━━━ Available data
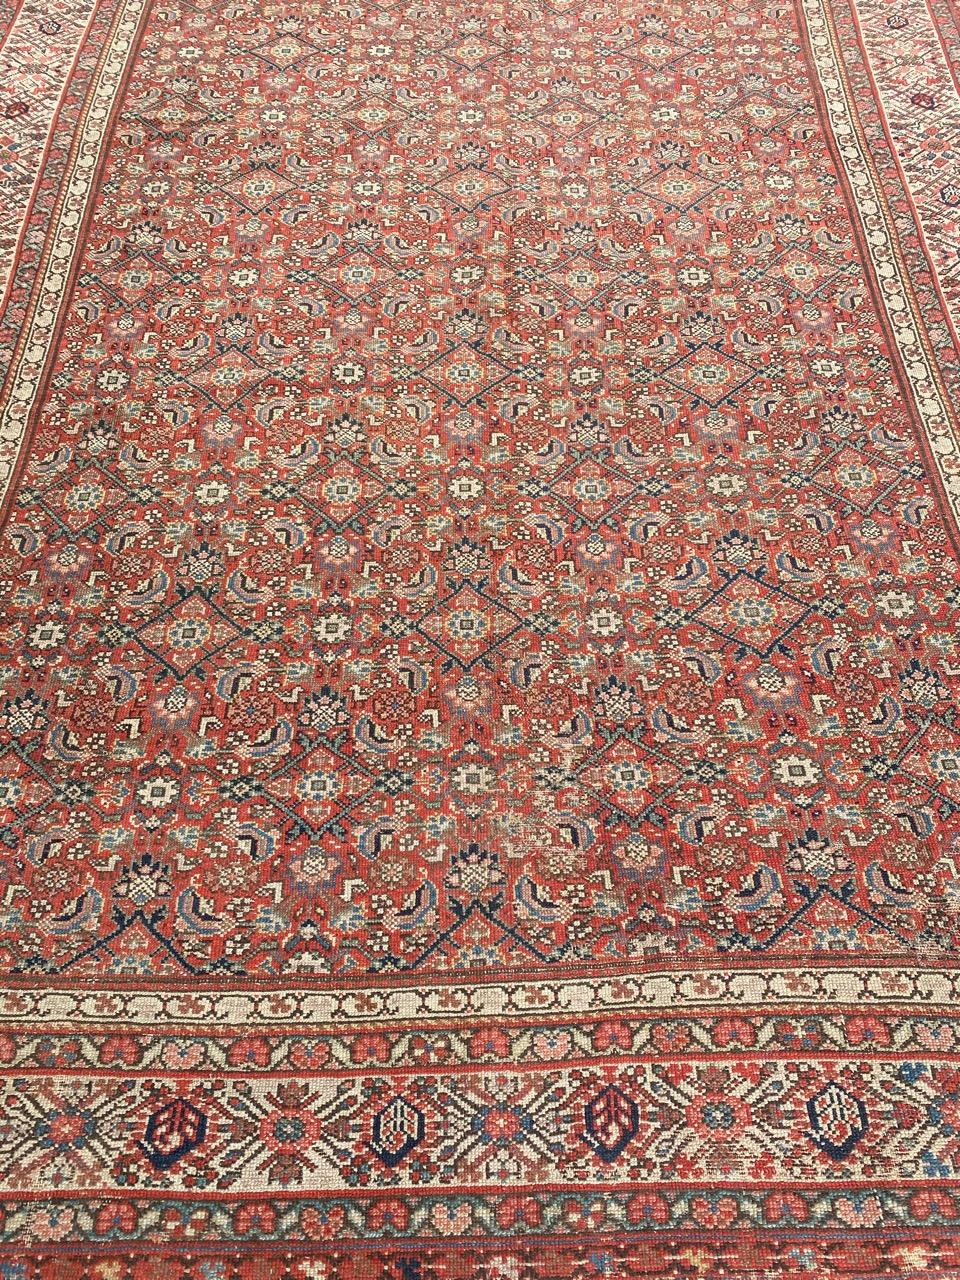 Very beautiful long Kurdish rug with beautiful decorative Herati design and nice natural colors, entirely and finely hand knotted with wool velvet on cotton foundation.

✨✨✨
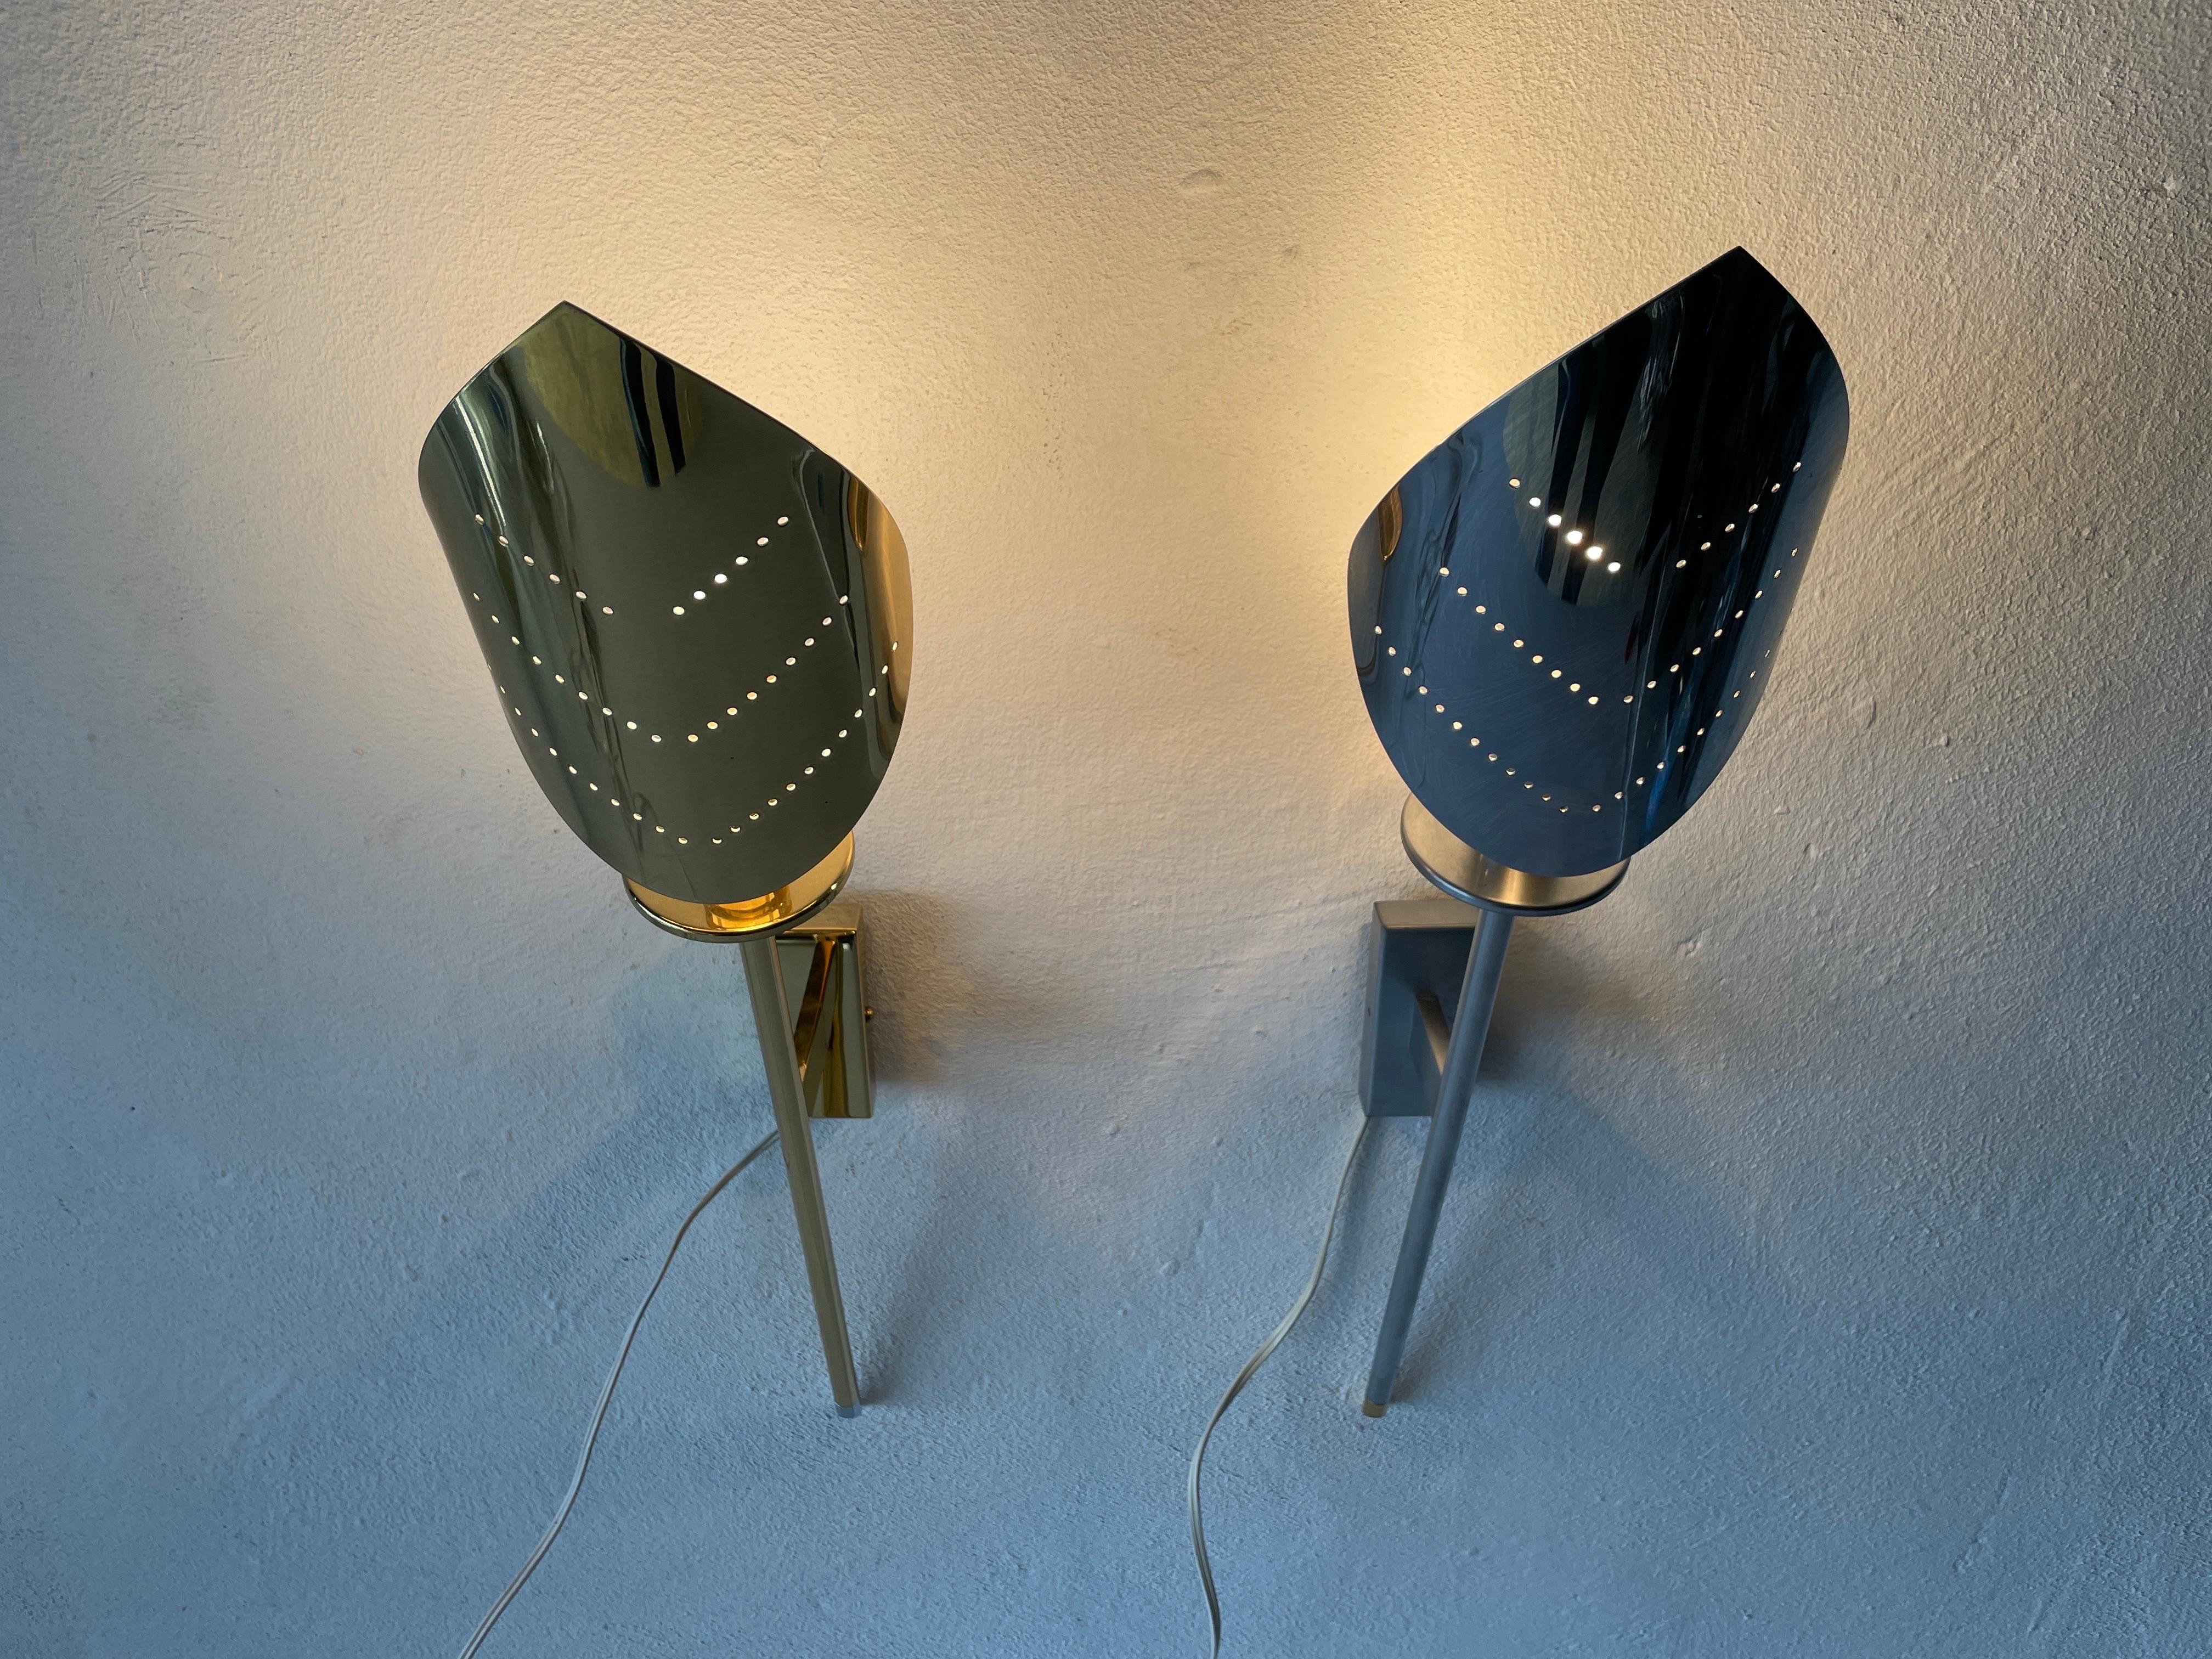 Leaf Shaped Gold and Chrome Pair of Sconces by Baulmann Leuchten, 1980s, Germany For Sale 5
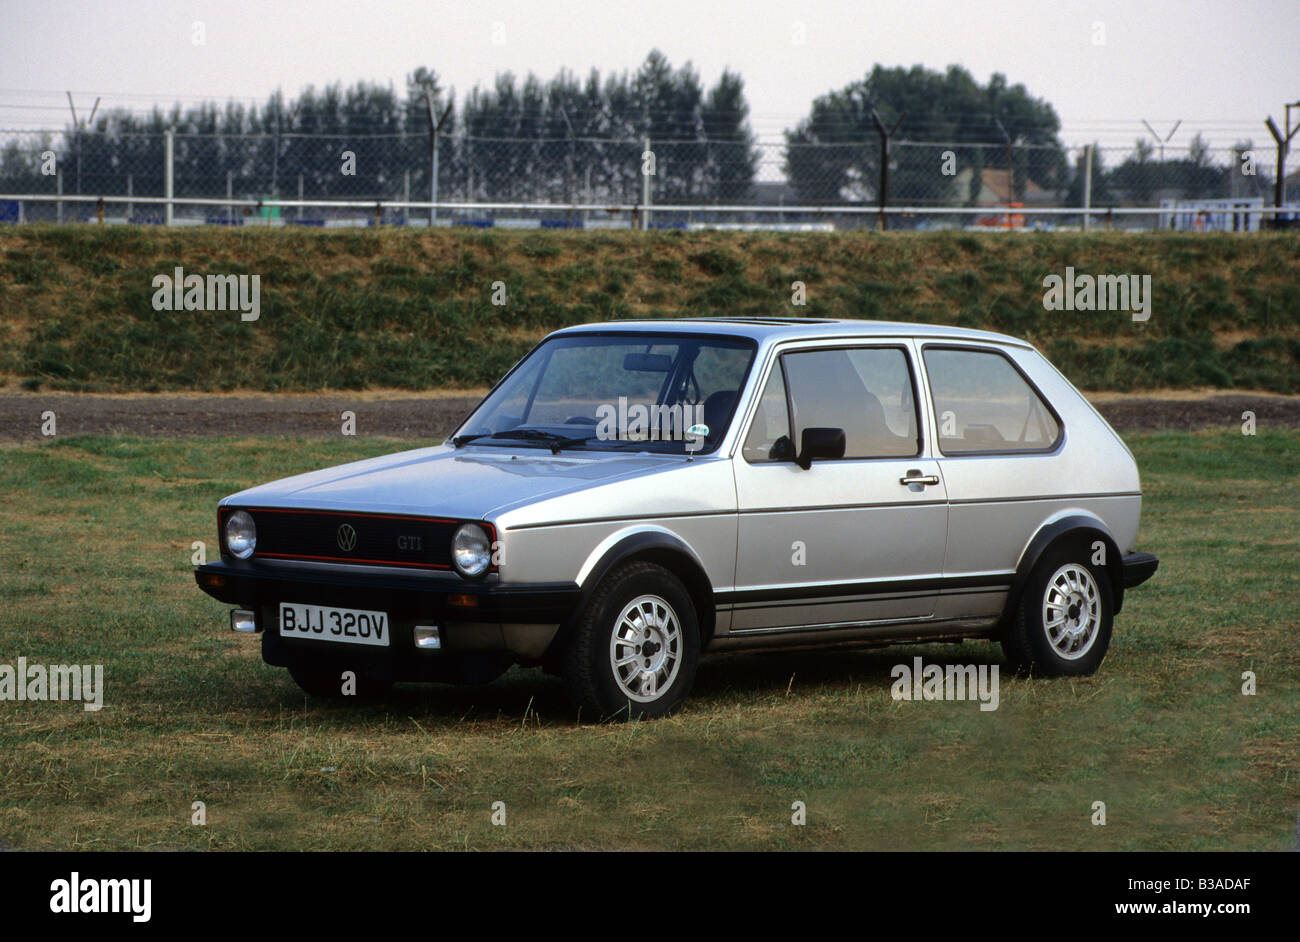 Mk1 Golf High Resolution Stock Photography and Images - Alamy
━━━━━━
▶ [What you have to do]:
Write out the data word for word, with every picture dropped.

▶ [Solution for this problem]:
 Very beautiful long Kurdish rug with beautiful decorative Herati design and nice natural colors, entirely and finely hand knotted with wool velvet on cotton foundation.

✨✨✨
 Leaf Shaped Gold and Chrome Pair of Sconces by Baulmann Leuchten, 1980s, Germany For Sale 5
 Mk1 Golf High Resolution Stock Photography and Images - Alamy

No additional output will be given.